== TASK BRIEF ==
No pictures, nothing altered: return the data below.

== DATA EXTRACT ==
________________________________________
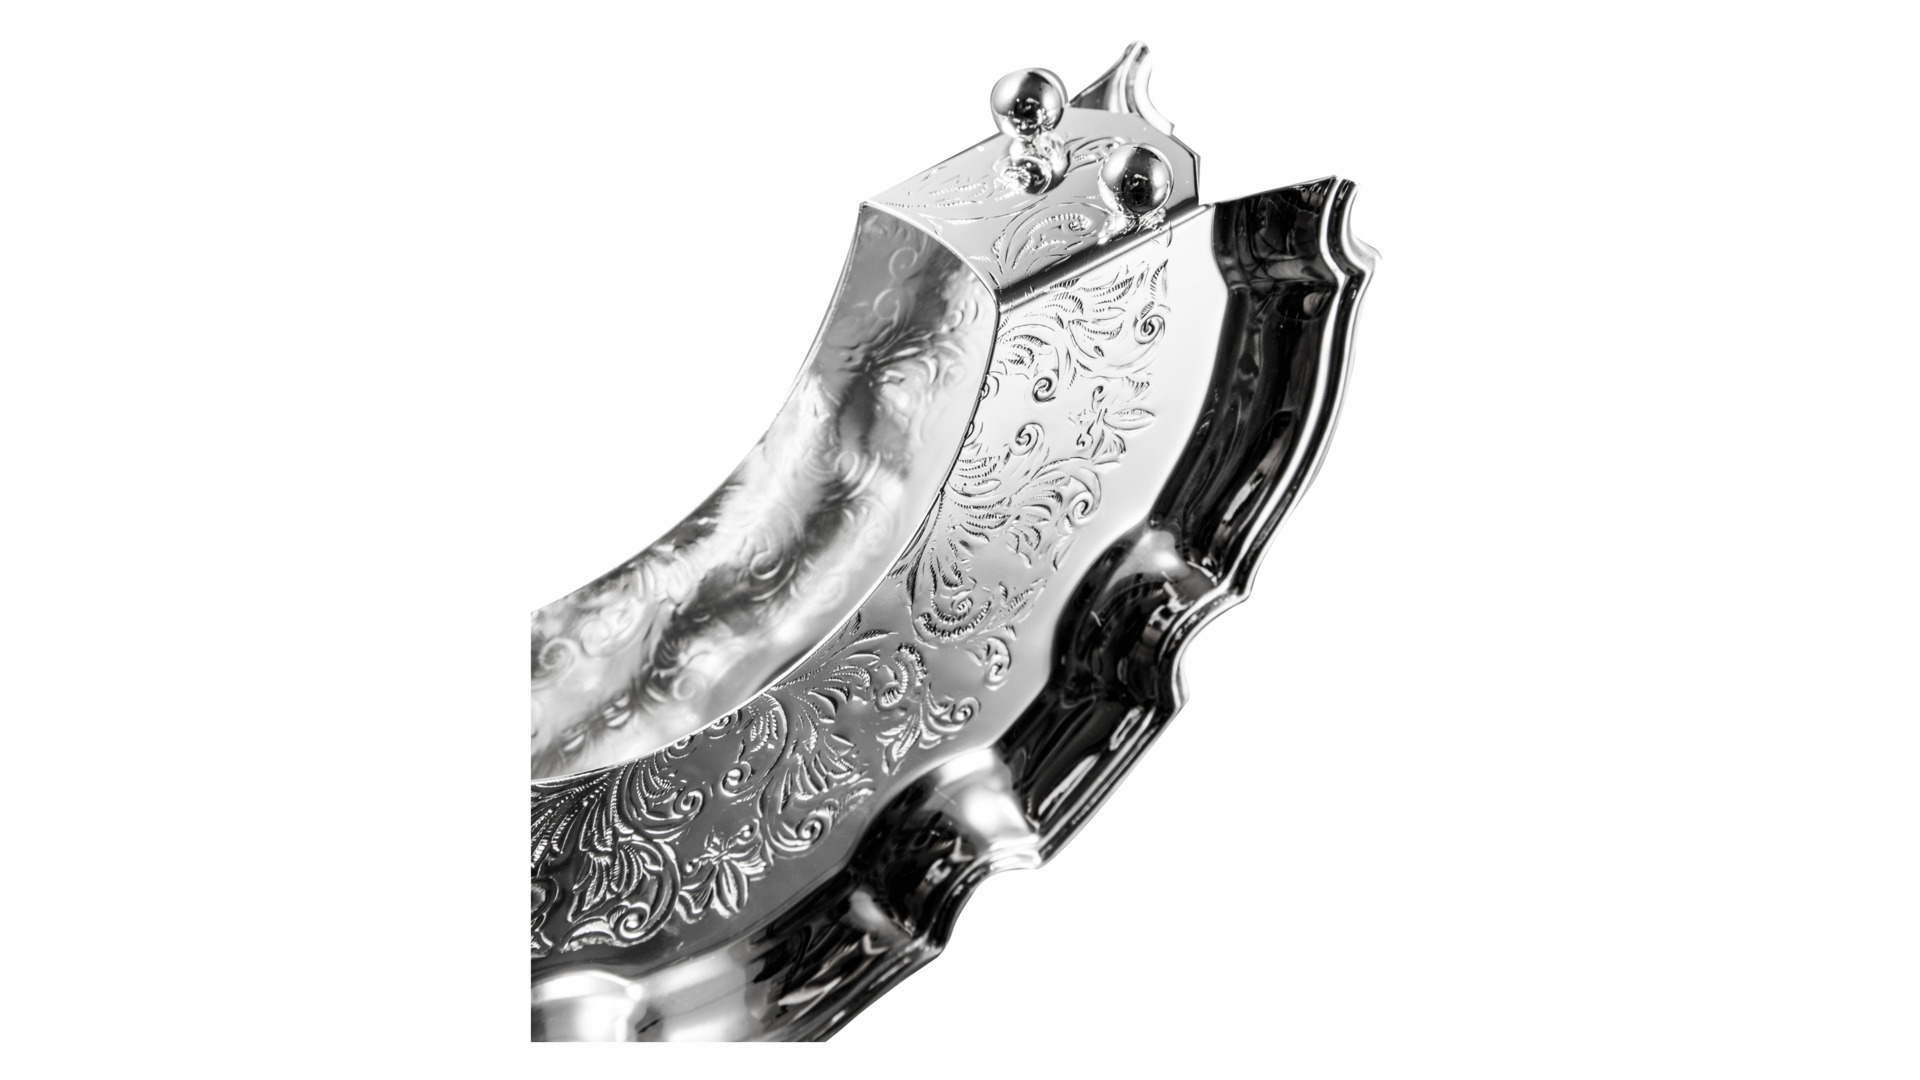 Салфетница Queen Anne Чиппендейл 17 см, сталь, посеребрение
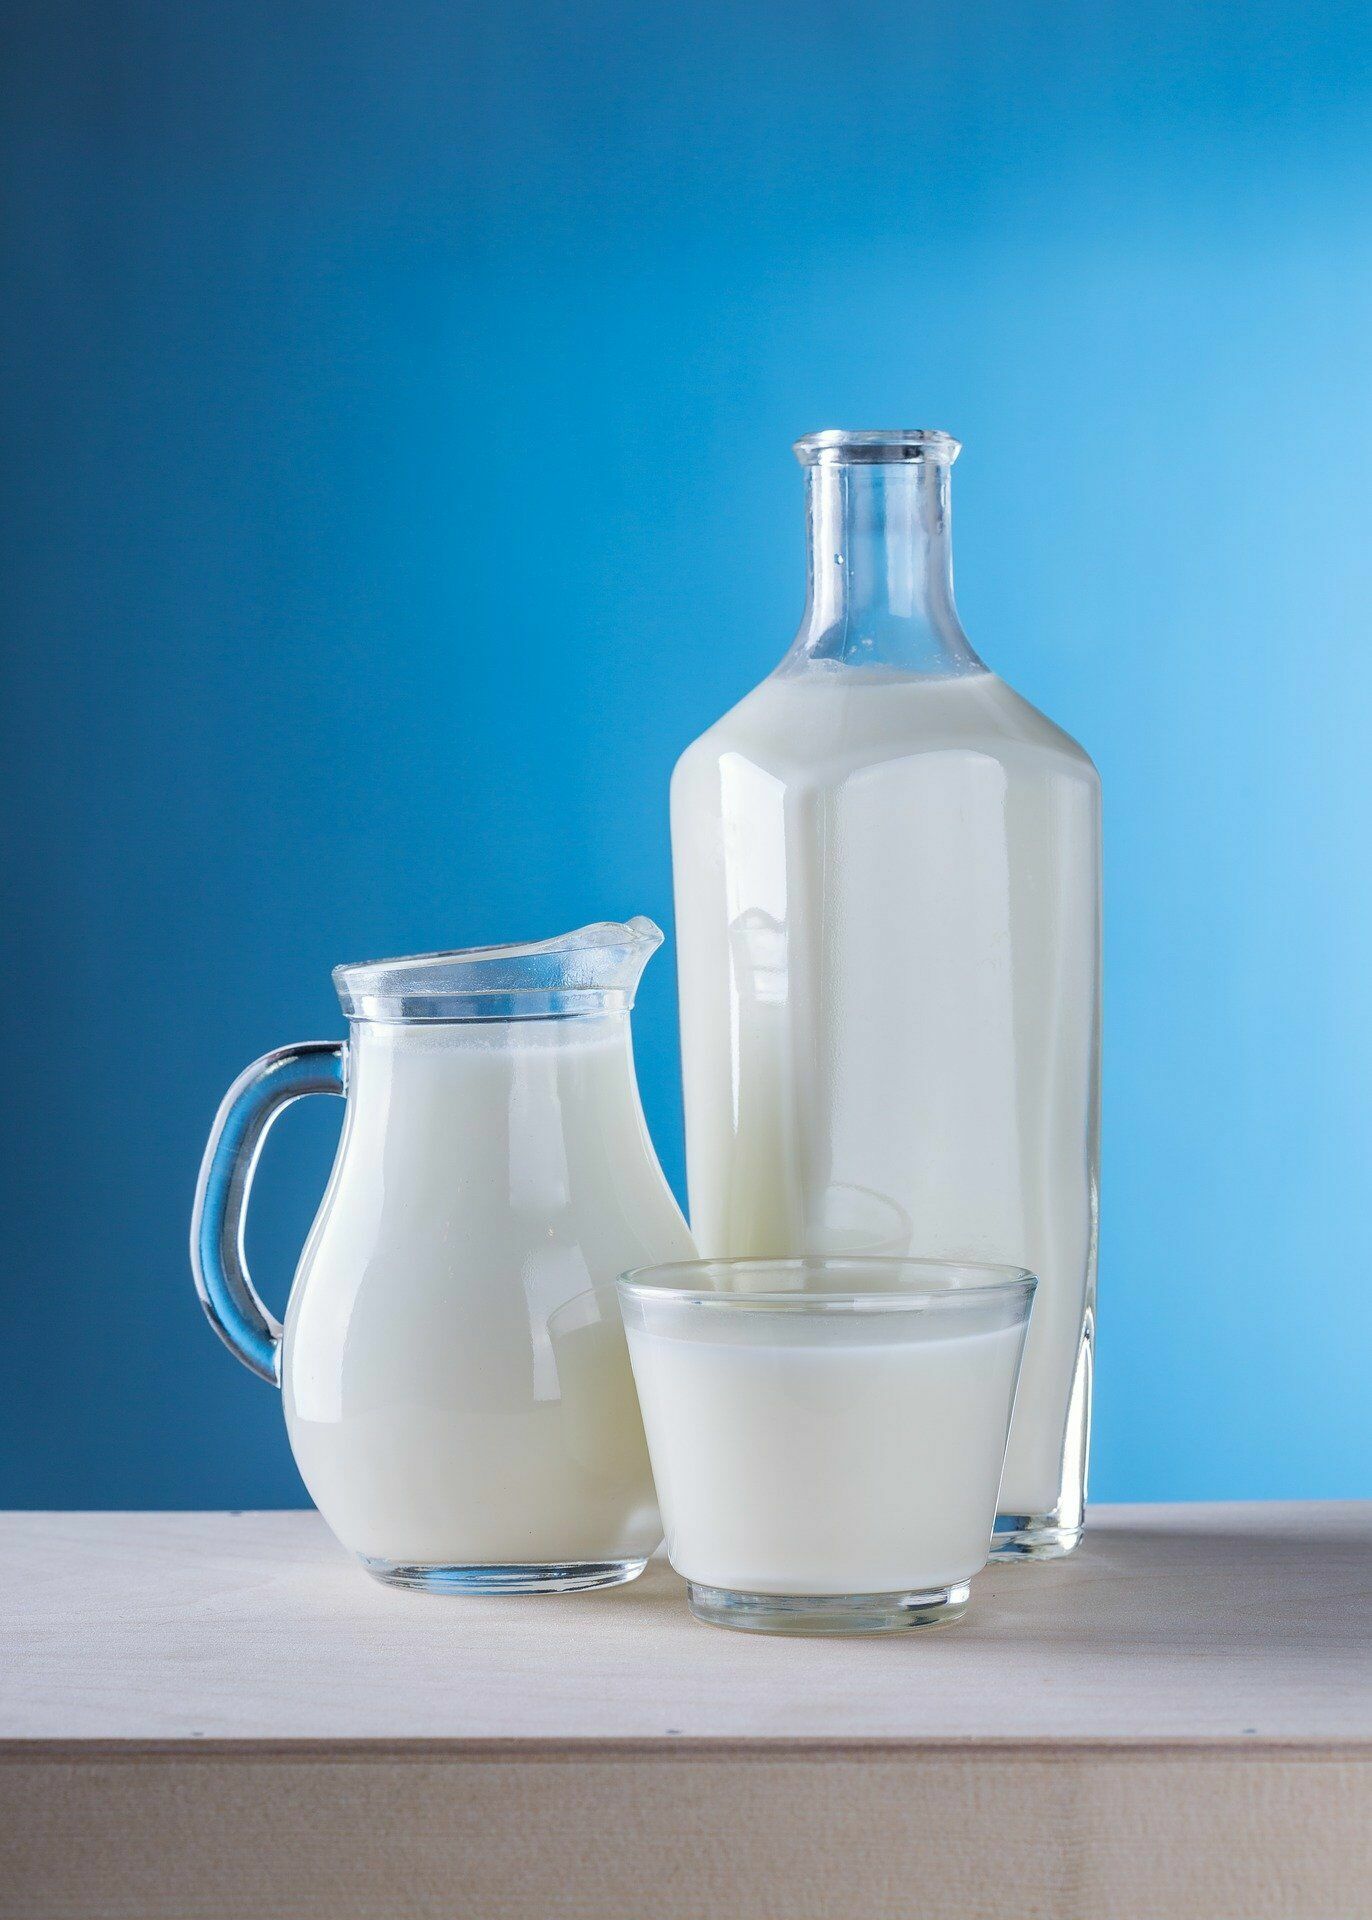 Ученые выяснили, что жирное молоко предотвращает сердечно-сосудистые заболевания
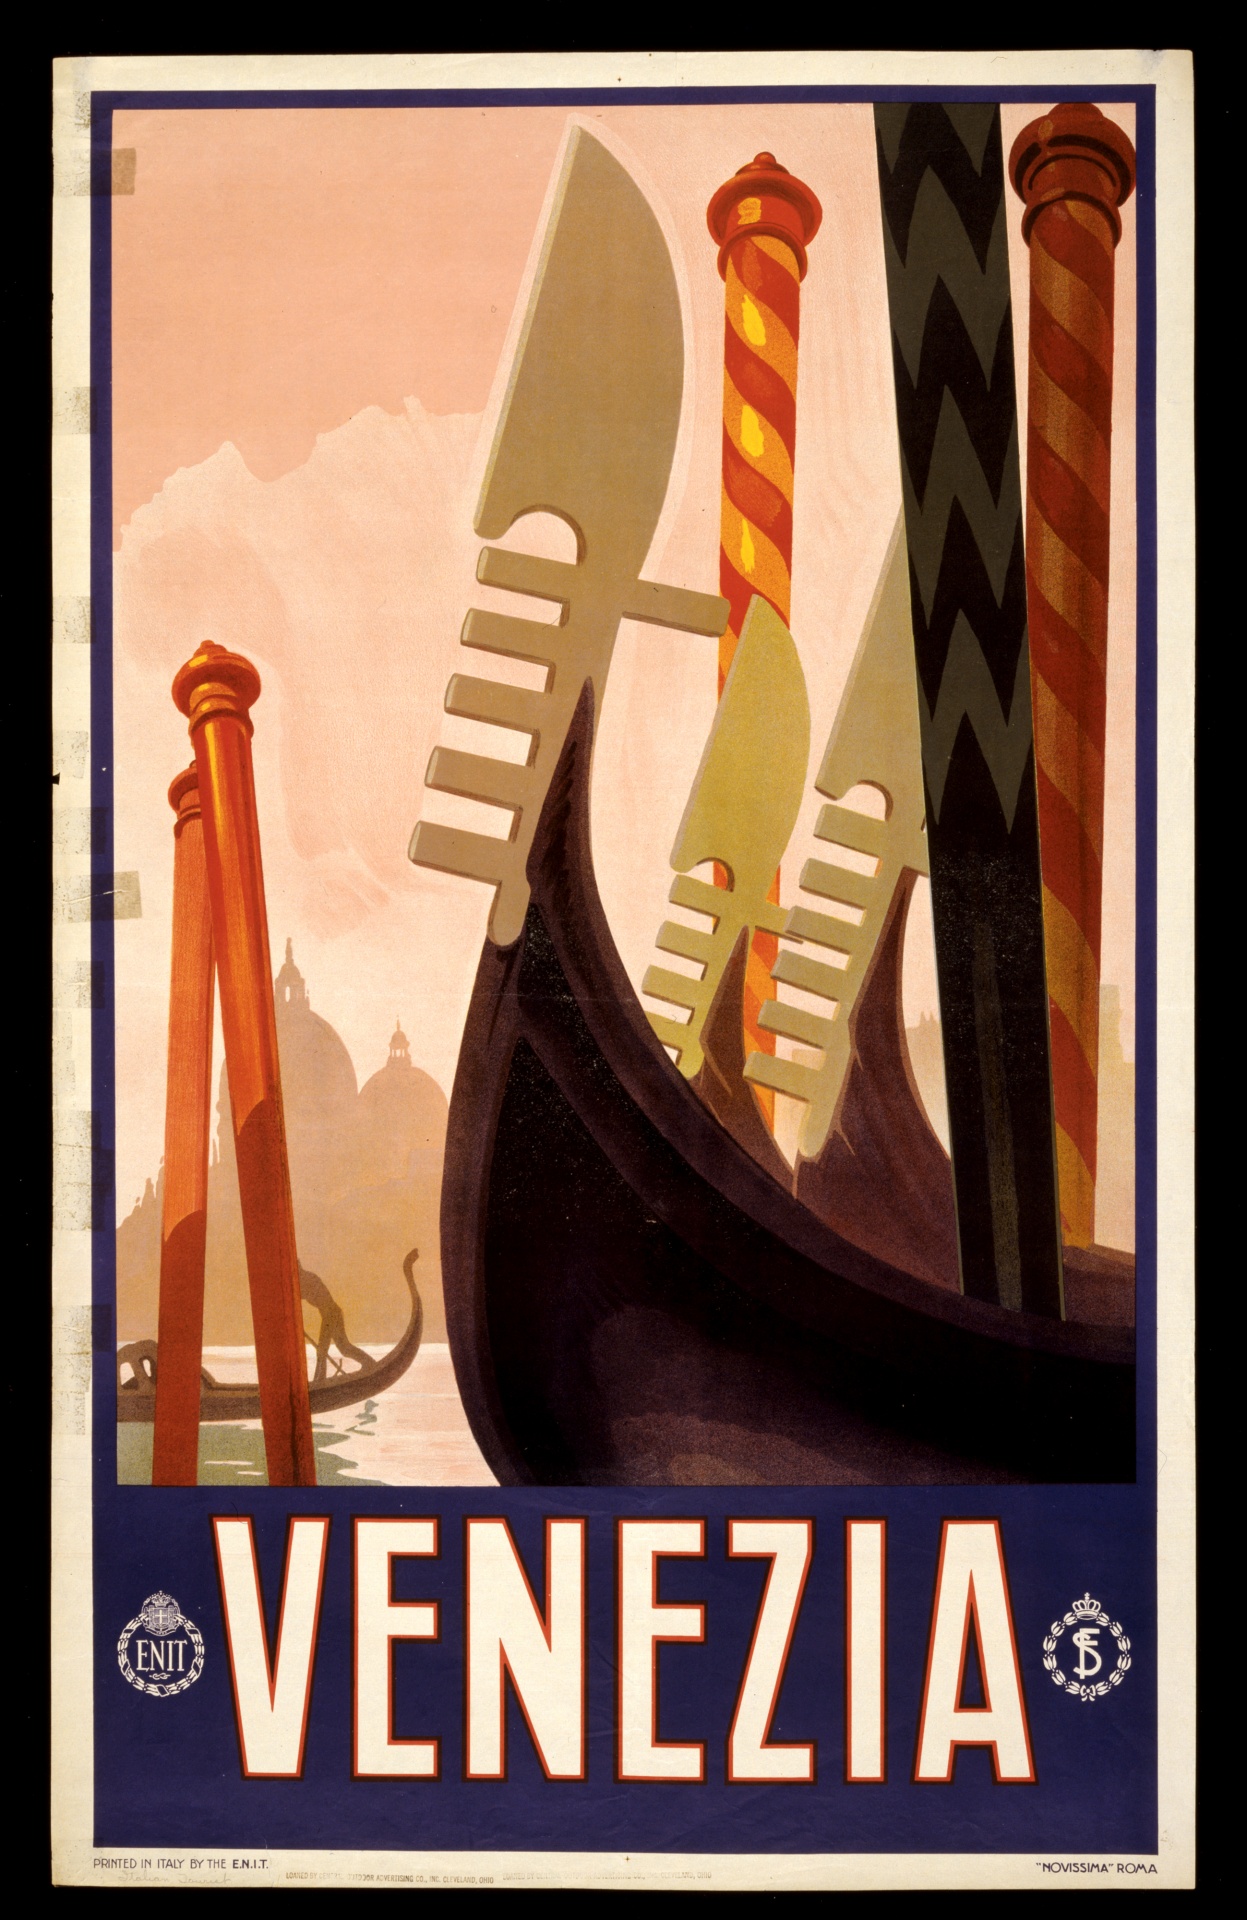 Cartaz do curso de Veneza, Italia
________________________________________
== ANSWER TO THE PROBLEM ==
 Салфетница Queen Anne Чиппендейл 17 см, сталь, посеребрение
 Ученые выяснили, что жирное молоко предотвращает сердечно-сосудистые заболевания
 Cartaz do curso de Veneza, Italia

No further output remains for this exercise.